Westminster Confession 26 is actually at odds with Jim Crow segregation in the church, but that point is probably inconvenient for those who do not wish to attend churches with too many white people in membership and who want racially segregated minority churches.
 
Galatians 5:15 But if ye bite and devour one another, take heed that ye be not consumed one of another.
 
I wrestled through this not long ago and the reality is that you can't find a person that isn't stained with sin. Do you think the presupposition from the posters on twitter is that Edwards mistreated slaves, or was his statement in regards to actually owning slaves? If its the latter you can't forget Paul returning the runaway slave Oneisumus to Philemon. We don't actually know what happened to Oneisumus but by the way Paul worded his letter he was requesting his release. The bible never reveals his fate.

In regards the former, I am not aware of evidence that Edwards actually mistreated the slaves. Either way the era was a difficult era to live. For example, would it be moral to use my hard earned money to buy a slave with the goal to free them, or do I voice my concerns to the government allowing a man/woman to be separated and sent to a ruthless owner? If you fast forward 150 years into the future you may hear Christians judging us for things they believe are sinful. They bought clothing that was made in sweat shops that were made by enslaved children, or by Adults under extreme poverty. ect..

I found the following podcasts that explains the great lengths the RPCNA church went through to support black men and women during that era. Here is the link to the lecture series. https://www.theaquilareport.com/can...-copeland-on-the-rpcnas-anti-slavery-history/
 
...the reality is that you can't find a person that isn't stained with sin.

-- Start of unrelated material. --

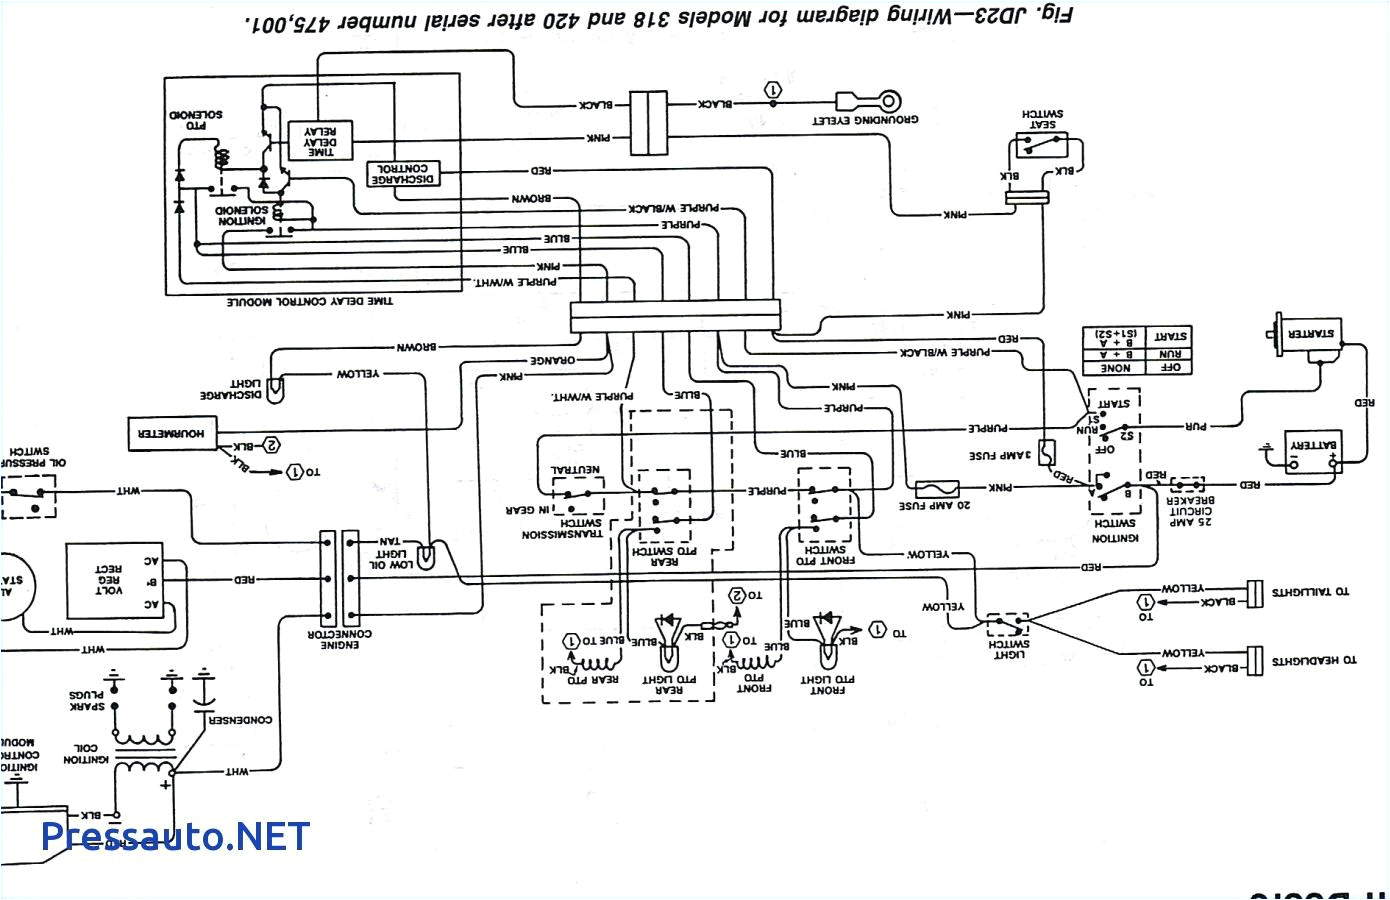 4230 john deere tractor wiring diagram blog wiring diagram john deere 4230 wiring diagram wiring diagram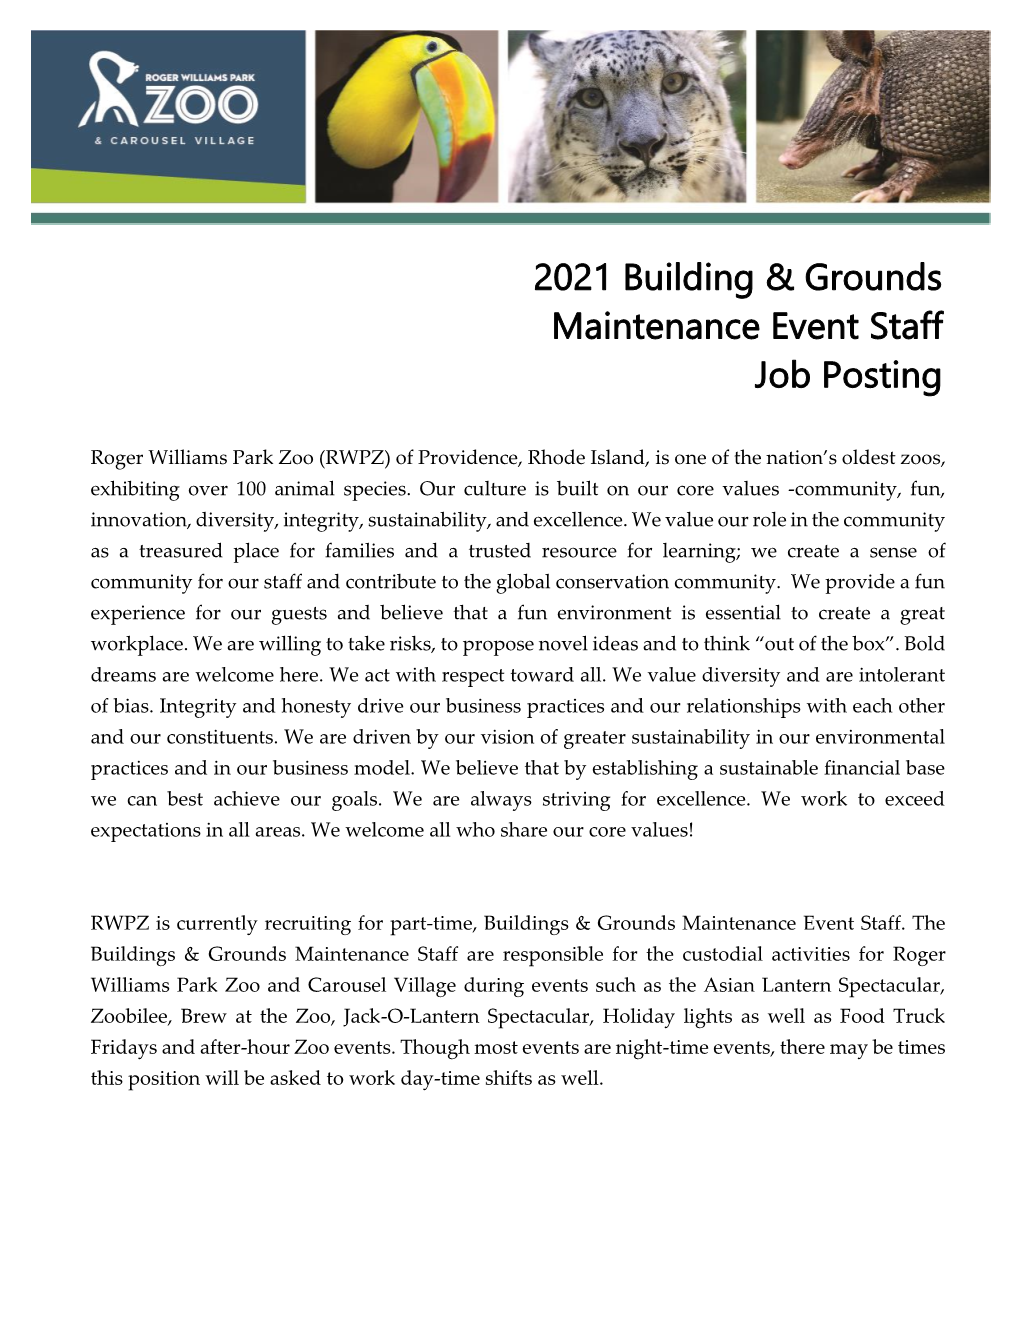 2021 Building & Grounds Maintenance Event Staff Job Posting

The problem is that those, like Bradley, who have apostatized to the Woke religion view such a statement as an equivalent to saying, "All lives matter." There is no reasoning with a Wokist.
 
I still wager to fine any more than a handful, if that, of men of any color anywhere in the world in 1650 who would hold views stated the way Wokists wish they were.

Maybe some Quakers did? I dunno.
 
The problem is that those, like Bradley, who have apostatized to the Woke religion view such a statement as an equivalent to saying, "All lives matter." There is no reasoning with a Wokist.

I agree that you can't reason with the woke folks. Not everybody walking around with BLM posters is woke. They can be reasoned with.
 
Sure, except those who have a platform, like Twitter.
Bret Weinstein has talked about that. Often with Woke, if you can get a person to talk to you one on one often you can seem to get somewhere. Sadly the go back to social media or back to borg Woke collective and the SJW programming is reloaded.